The Armory is overwhelming and each year it seems to get more so. It is a physical impossibility to see everything in the allotted weekend so one had to prioritize. Sean Kelley was hovering near the top of our list as they have an eye for talent and spent last year constantly exhibiting interesting photography. The Sean Kelley booth took some time to find in the labyrinthian rows of drab and identical looking booths that The Armory organizers, some of the most talented and sought after curators in the world, decided to use for arguably the largest art show of the year. Once there we were not disappointed, Casebere (who we have discussed at length previously) had some beautiful prints there, but also there was brilliant Alec Soth.
Admittedly ignorant of his process I can only guess. It looks like Soth uses a mixture of found and sourced images to create the pictorial equivalent of a Hemingway novel.

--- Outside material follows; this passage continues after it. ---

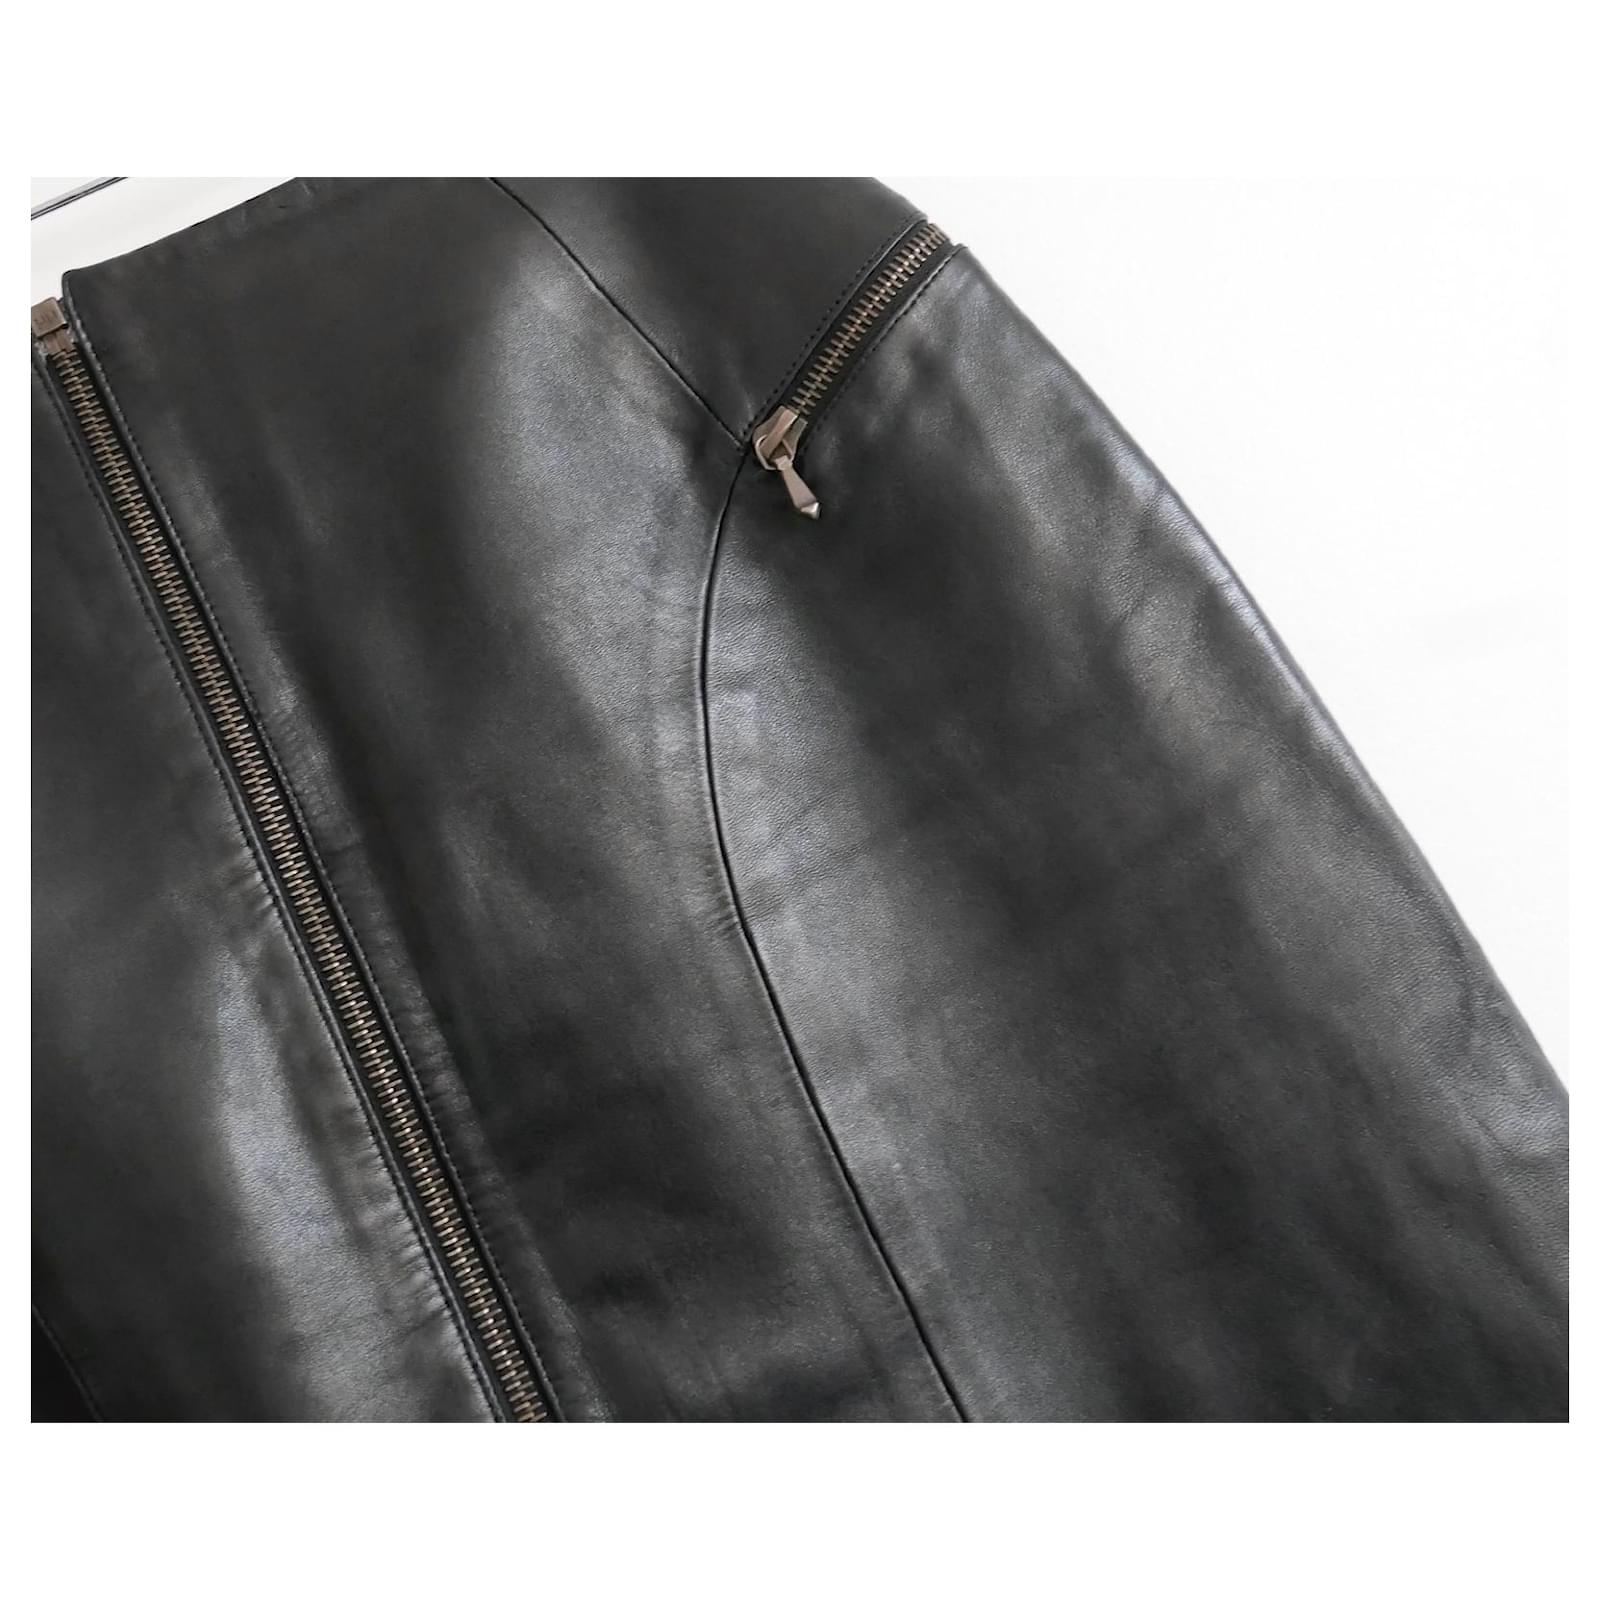 Fabuleuse et rare jupe en cuir vintage Christian Dior de la collection Automne 2000 (look 4 sur le défilé). Porté une fois. 
Fabriqué en cuir d'agneau noir super doux et lisse, avec une doublure en soie noire et des ferrures en or mat d'aspect

"A picture is worth a thousand words" is a cliché and disagreeable statement. A sentence can be worth a thousand pictures, and a picture can invoke a lifetime. Upon seeing The Reverend and Margaret's Bedroom, Vicksburg, Mississippi, 2002 the viewer is instantly transported into that bedroom, and into that life and feels the pangs of jealousy, loneliness or longing that have clearly been poured into the yellowing photographs. The comparison to Hemingway is because the viewer attempts to construct a larger narrative from a distanced point of view and with only the basic information. There is a woman whose picture is repeated, in the older pictures she is young and and in the younger pictures she is old. She has brown eyes and a soft neck and her smile can light up a room.
The longer the viewer stayed with Soth's work the longer the story becomes and the more the viewer gets personally involved.
Soth's last show at Sean Kelley was in 2012, he is due for another.